How does one handle the payment of estate taxes after the death of an owner and avoid the need to sell assets to meet estate taxes? According to Internal Revenue Code Section 6166, a personal representative may defer payment of estate taxes if the interest in a closely held business exceeds 35 percent of the decedent's adjusted gross estate. Here are other elements that must be satisfied:
- The decedent must have been a U.S. citizen or resident at death.
- The estate's personal representative must make the Section 6166 election on Form 706, the United States Estate Tax Return, filed in a timely manner.
- The business has to be active; passive ownership interests don't qualify for deferral.
If the estate satisfies all elements, the estate tax attributable to the closely held business may be deferred, with principal and interest on the deferred tax paid over a 14-year period. During the first five years following the due date of the return, only the interest on the deferred tax must be paid. Generally, interest will be charged on the balance of the deferred tax at 45 percent of the rate in effect for underpayments of tax. However, a special 2 percent interest rate applies to a portion of the deferred tax.
The portion of the tax to which the special two-percent rate applies is the lesser of these two figures:
- The full portion of the estate tax attributable to the closely held business.
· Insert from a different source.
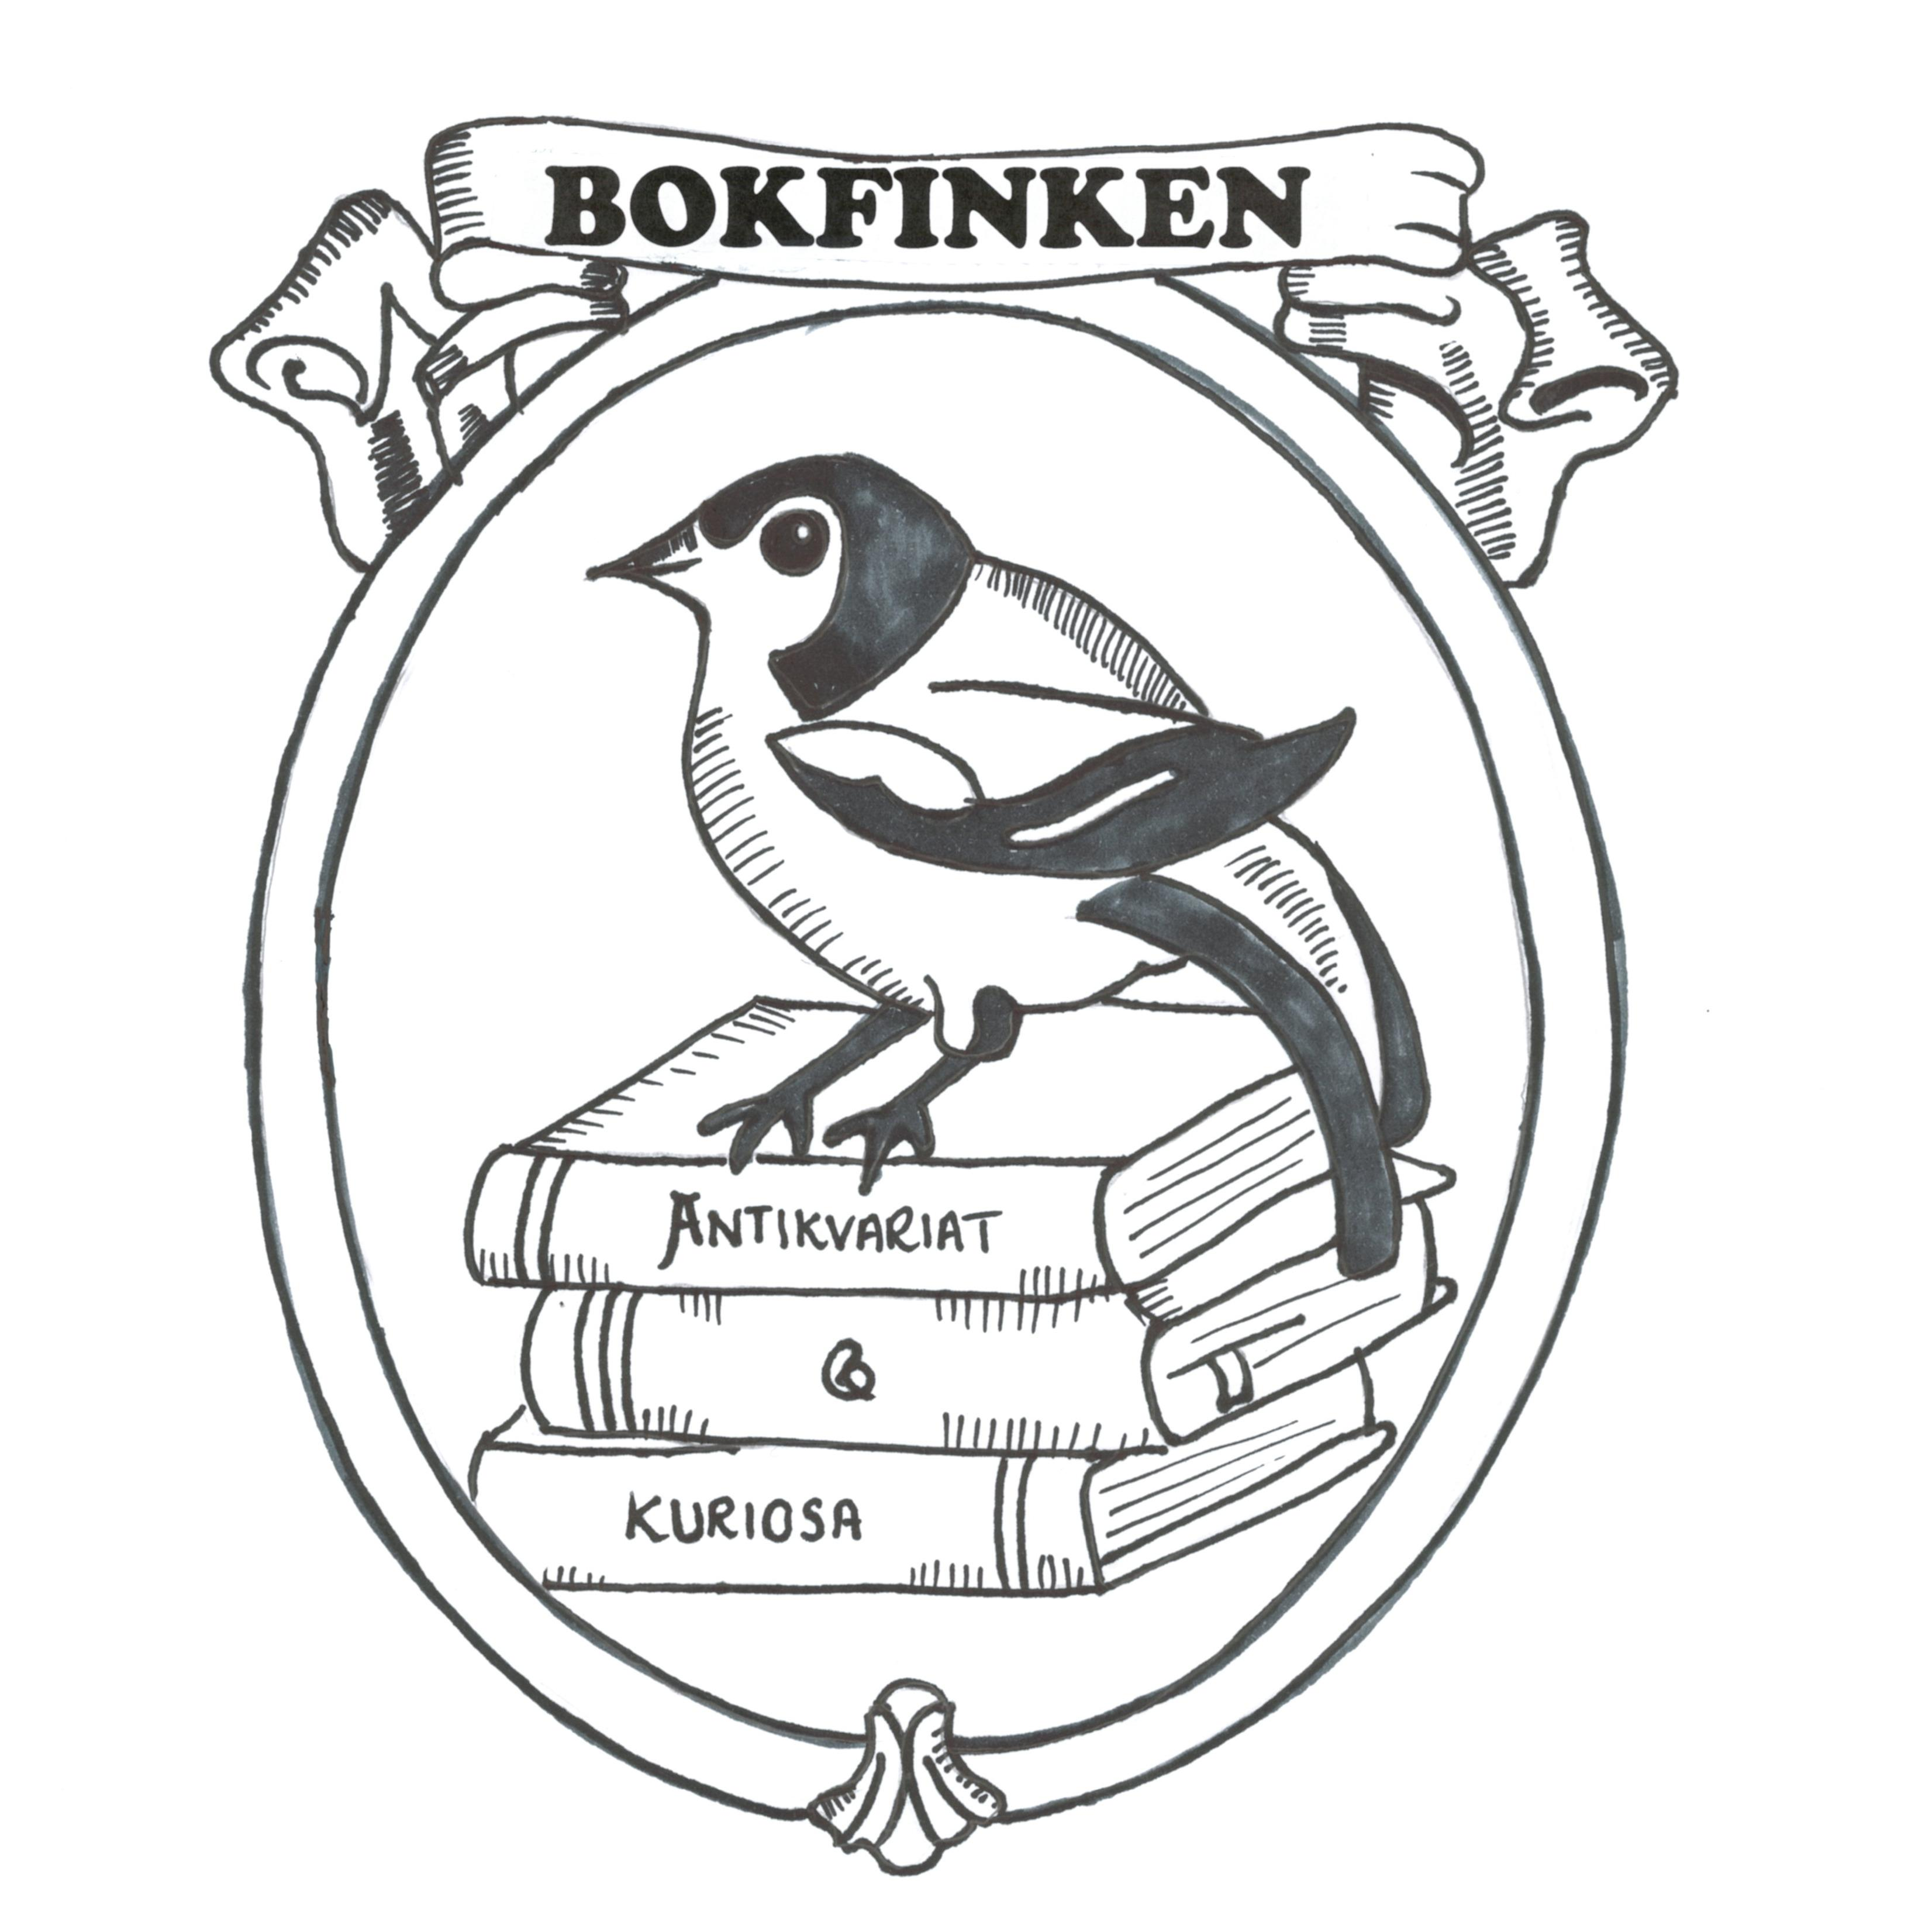 Bokfinken - Antikvariat & Kuriosa

- The product of multiplying the 40 percent tax rate by the inflation-adjusted taxable value set by IRC Section 6166. Originally $1 million, the amount has been indexed for inflation to $1.49 million for 2017. So, for decedents dying in 2017, the estate tax that the 2 percent estate tax applies to would be $596,000.
(The actual numbers are often adjusted from year to year, so be sure to check with us before making an exact determination.)
Beginning five years after the return is due, the deferred tax and interest are payable in equal annual installments over a 10-year period.
If you're thinking of using Section 6166 to defer estate taxes, the 35 percent of the decedent's adjusted gross estate is calculated by taking the gross estate and subtracting such deductions as debts, funeral expenses, administration costs, mortgages and liens.
These deductions are taken into account prior to applying any charitable and marital estate tax deductions.
Seeking outside advice is wise when you think you're dealing with a looming estate tax bill. The rules and calculations for Section 6166 are complex, so when you analyze whether or not to use this strategy, you should make sure to conduct proper due diligence with us to determine whether Section 6166 is appropriate and cost-efficient.